[Collected data entries]
..............................

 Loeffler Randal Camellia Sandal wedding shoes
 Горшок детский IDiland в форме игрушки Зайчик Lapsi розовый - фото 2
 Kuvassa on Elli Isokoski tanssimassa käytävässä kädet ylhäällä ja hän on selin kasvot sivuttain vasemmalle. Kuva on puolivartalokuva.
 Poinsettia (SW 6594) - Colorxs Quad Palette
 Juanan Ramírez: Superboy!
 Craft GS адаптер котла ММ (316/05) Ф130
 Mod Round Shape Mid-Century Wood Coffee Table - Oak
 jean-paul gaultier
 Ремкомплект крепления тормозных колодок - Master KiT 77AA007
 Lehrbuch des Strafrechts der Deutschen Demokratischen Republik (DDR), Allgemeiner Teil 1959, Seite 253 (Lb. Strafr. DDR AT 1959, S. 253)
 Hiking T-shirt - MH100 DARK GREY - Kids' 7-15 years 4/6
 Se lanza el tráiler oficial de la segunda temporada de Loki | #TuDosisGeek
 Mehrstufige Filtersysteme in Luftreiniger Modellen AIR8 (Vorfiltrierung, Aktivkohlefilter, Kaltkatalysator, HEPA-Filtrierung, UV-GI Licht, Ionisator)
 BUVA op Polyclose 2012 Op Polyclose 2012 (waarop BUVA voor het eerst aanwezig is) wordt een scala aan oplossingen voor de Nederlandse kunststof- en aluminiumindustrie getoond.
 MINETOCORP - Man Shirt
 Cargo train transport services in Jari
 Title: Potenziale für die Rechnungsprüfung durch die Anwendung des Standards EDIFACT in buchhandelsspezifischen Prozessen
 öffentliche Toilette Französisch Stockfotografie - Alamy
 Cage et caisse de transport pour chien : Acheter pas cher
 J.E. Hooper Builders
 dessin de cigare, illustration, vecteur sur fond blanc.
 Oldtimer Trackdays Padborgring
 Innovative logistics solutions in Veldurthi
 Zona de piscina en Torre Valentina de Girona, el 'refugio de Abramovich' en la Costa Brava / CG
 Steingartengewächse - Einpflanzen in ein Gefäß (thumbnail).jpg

..............................

■ EXERCISE PROMPT ■
The full set of entries must be transcribed exactly.

■ ANSWER FOR THIS EXERCISE ■
 Loeffler Randal Camellia Sandal wedding shoes
 Горшок детский IDiland в форме игрушки Зайчик Lapsi розовый - фото 2
 Kuvassa on Elli Isokoski tanssimassa käytävässä kädet ylhäällä ja hän on selin kasvot sivuttain vasemmalle. Kuva on puolivartalokuva.
 Poinsettia (SW 6594) - Colorxs Quad Palette
 Juanan Ramírez: Superboy!
 Craft GS адаптер котла ММ (316/05) Ф130
 Mod Round Shape Mid-Century Wood Coffee Table - Oak
 jean-paul gaultier
 Ремкомплект крепления тормозных колодок - Master KiT 77AA007
 Lehrbuch des Strafrechts der Deutschen Demokratischen Republik (DDR), Allgemeiner Teil 1959, Seite 253 (Lb. Strafr. DDR AT 1959, S. 253)
 Hiking T-shirt - MH100 DARK GREY - Kids' 7-15 years 4/6
 Se lanza el tráiler oficial de la segunda temporada de Loki | #TuDosisGeek
 Mehrstufige Filtersysteme in Luftreiniger Modellen AIR8 (Vorfiltrierung, Aktivkohlefilter, Kaltkatalysator, HEPA-Filtrierung, UV-GI Licht, Ionisator)
 BUVA op Polyclose 2012 Op Polyclose 2012 (waarop BUVA voor het eerst aanwezig is) wordt een scala aan oplossingen voor de Nederlandse kunststof- en aluminiumindustrie getoond.
 MINETOCORP - Man Shirt
 Cargo train transport services in Jari
 Title: Potenziale für die Rechnungsprüfung durch die Anwendung des Standards EDIFACT in buchhandelsspezifischen Prozessen
 öffentliche Toilette Französisch Stockfotografie - Alamy
 Cage et caisse de transport pour chien : Acheter pas cher
 J.E. Hooper Builders
 dessin de cigare, illustration, vecteur sur fond blanc.
 Oldtimer Trackdays Padborgring
 Innovative logistics solutions in Veldurthi
 Zona de piscina en Torre Valentina de Girona, el 'refugio de Abramovich' en la Costa Brava / CG
 Steingartengewächse - Einpflanzen in ein Gefäß (thumbnail).jpg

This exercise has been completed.